ManWoman: I don’t know. It is growing so fast, I’ll just see where it takes me. I started by myself thirty years ago. Twenty years ago I met Carolyn O’Neil from Swastika, Ontario. Ten years ago there were four of us. Then, after the interview in Modern Primitives by Re/Search of San Francisco in 1989, it built into about fifty friends around the world by snail mail, pen-pal style. Now only six months after putting Friends of the Swastika online I’ve got hundreds of friends all over the world. Some have suggested a membership fee and newsletter. I like it as a grass-roots movement without a lot of organization or control. I’m getting photos and info from all parts of the world such as I did from you when you sent me the photos of the famous Swastika Stone on Ilkley Moor in Yorkshire. It’s a friendship of kindred souls and now that we have a guest book we can all interconnect. I’m not quite sure where it’s going but plenty of enthusiasts are asking to get involved even if that means getting a swastika tattoo or just spreading the word to others. It’s a place where major ignorance needs to be overcome and there’s a certain safety in numbers. I’m not asking anyone to be a martyr. The swastika has a tremendous stigma attached to it. You, yourself, are aiding this cause by interviewing me and I thank you for that.
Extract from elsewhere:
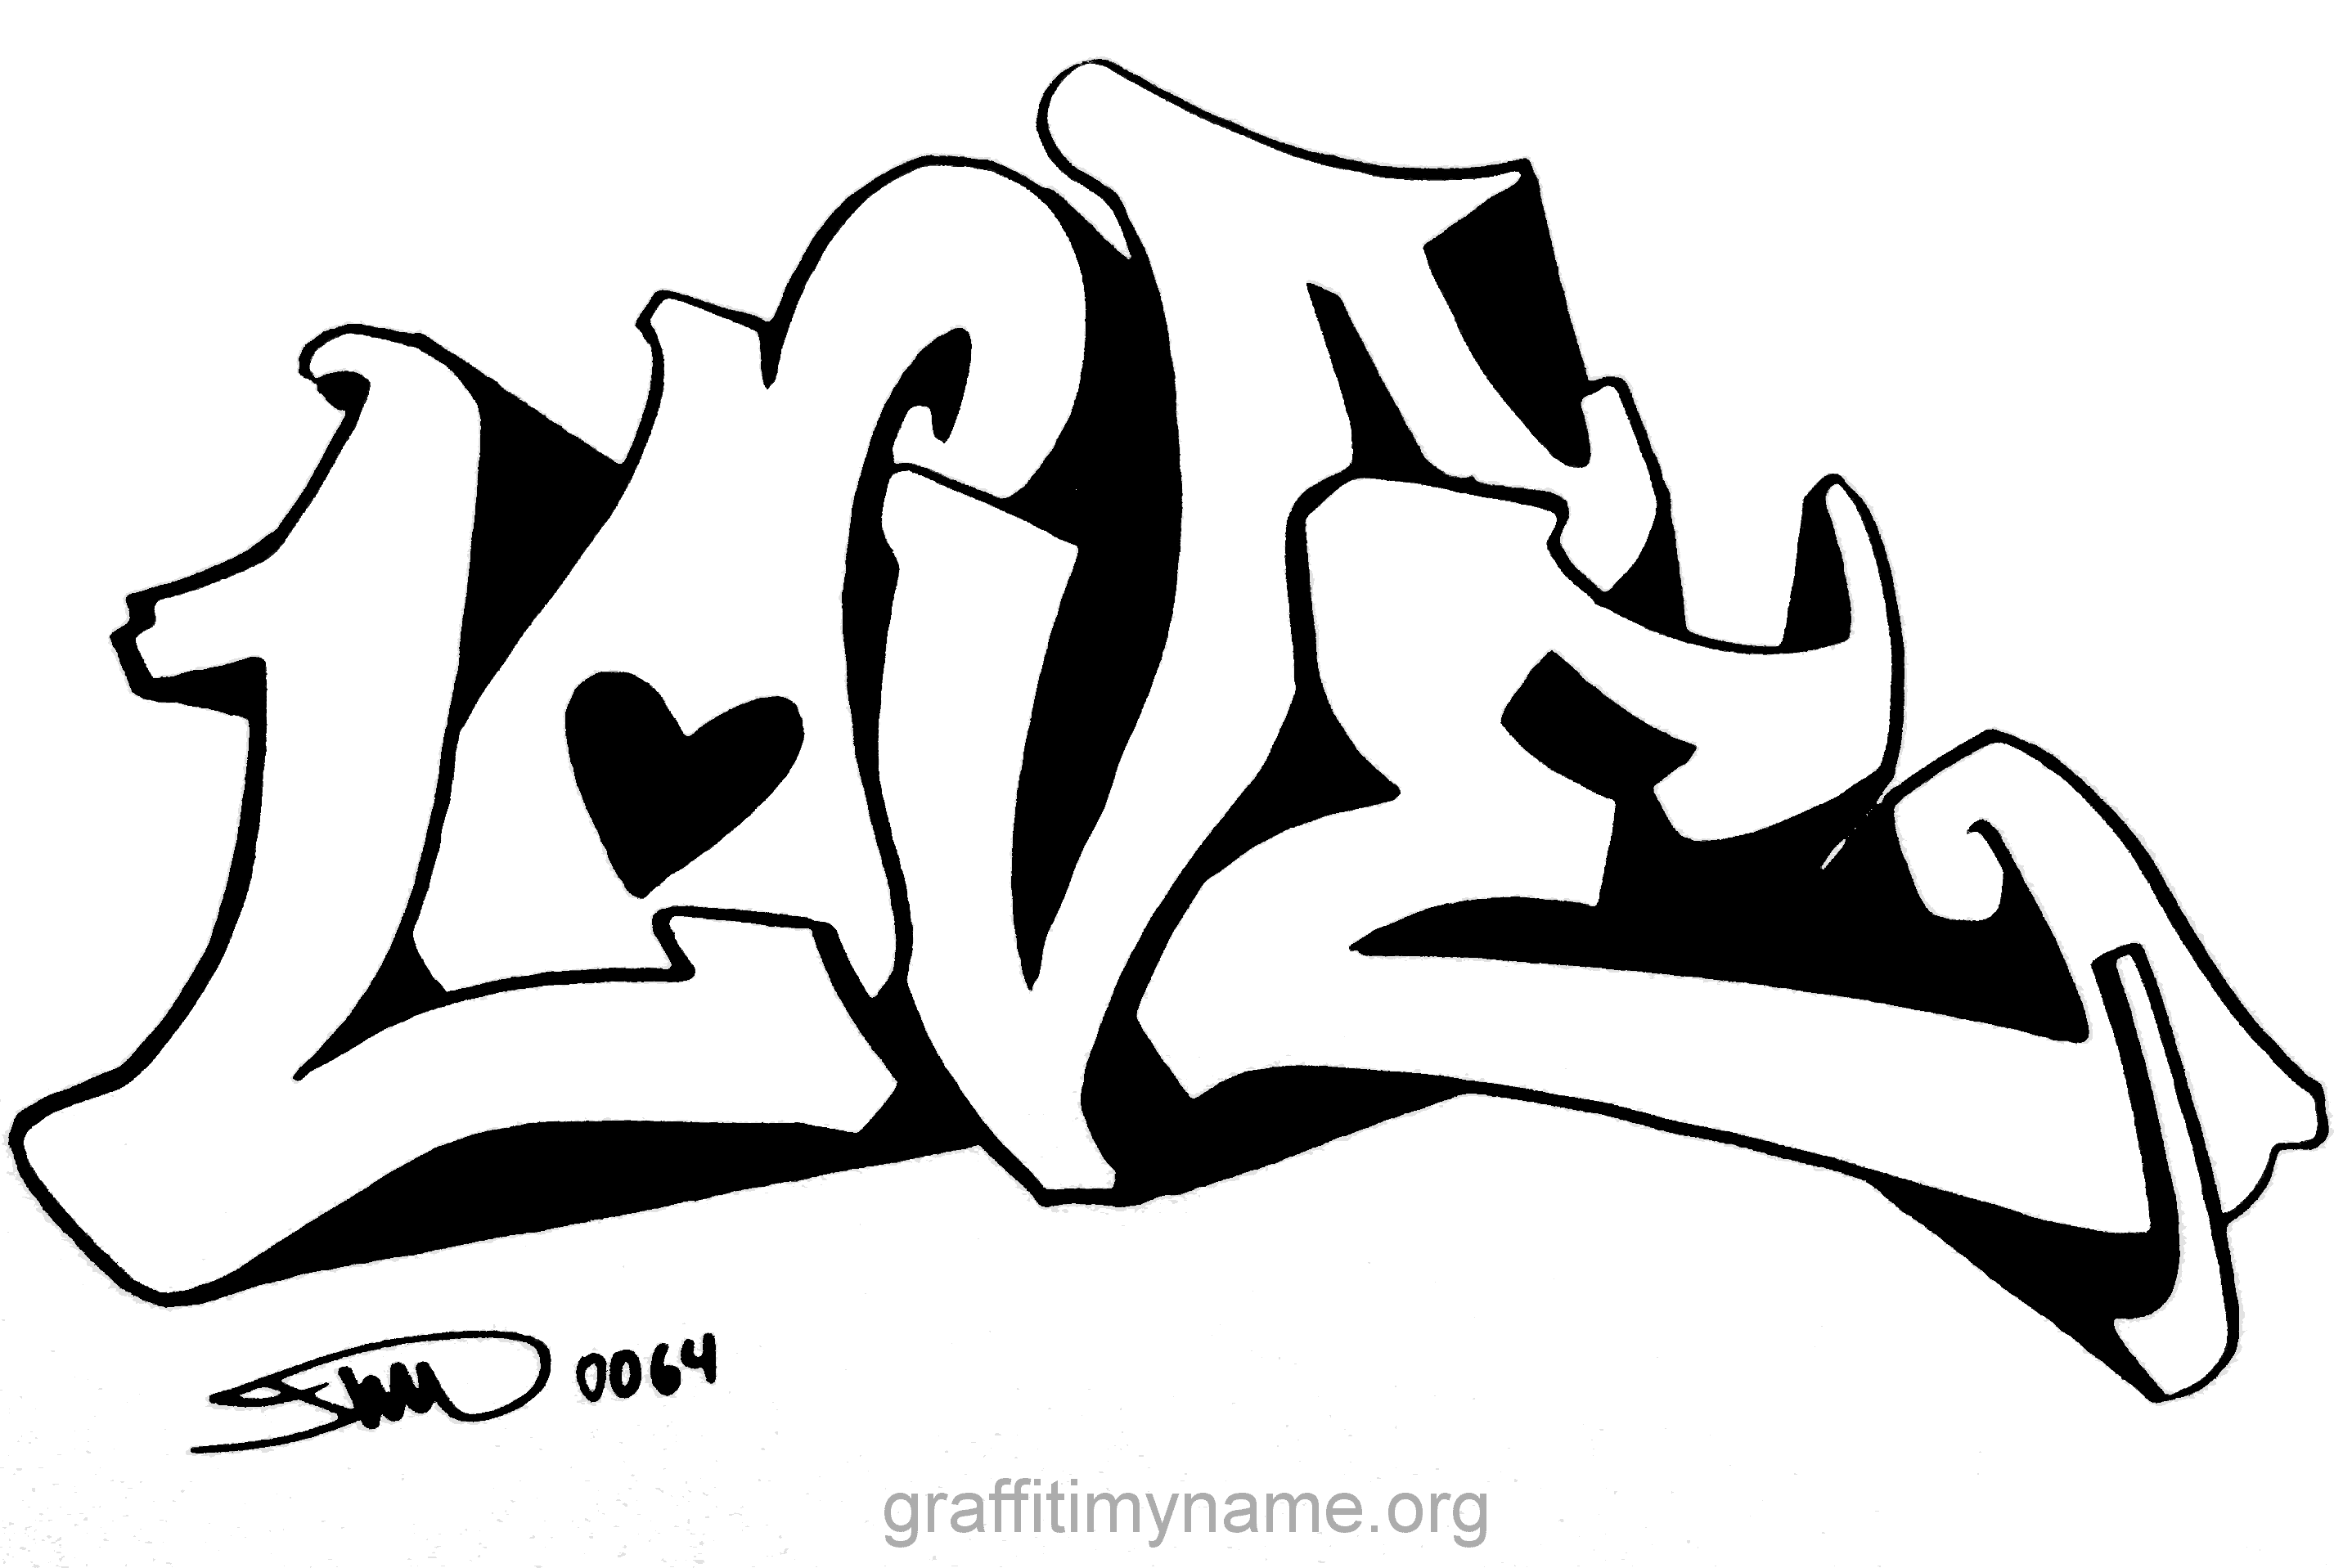 Amor em Graffiti para colorir

ManWoman. Photo by Harry Kemball

I just did another interview for the July issue of International Tattoo Art magazine. The Swastika is re-emerging in the alternative pop culture much to the shock of those who are still thinking in the old idiom: in the punk rock world, in the flying saucer cults, in the street gangs, in the renaissance of tattooing that is happening—tribal tattoos like Celtic knots, Maori spirals, the Buddhist seal of perfection. The Declaration of Independence of the Swastika has been signed by many famous artists, poets, tattooers; cool people including Lyle Tuttle, Leo Zulueta, Hanky Panky of Amsterdam, Billy Shire, Charles Gatewood, Spider Webb, Robert Delford Brown, Clayton Patterson, Joe Coleman, Bob Roberts, Steve Bonge, Chris Pfouts, Jonathan Shaw, Jack Rudy and Paul Jeffries. I’m very excited about it! Especially looking back on the dream I had about redeeming the swastika thirty years ago. The time is ripe!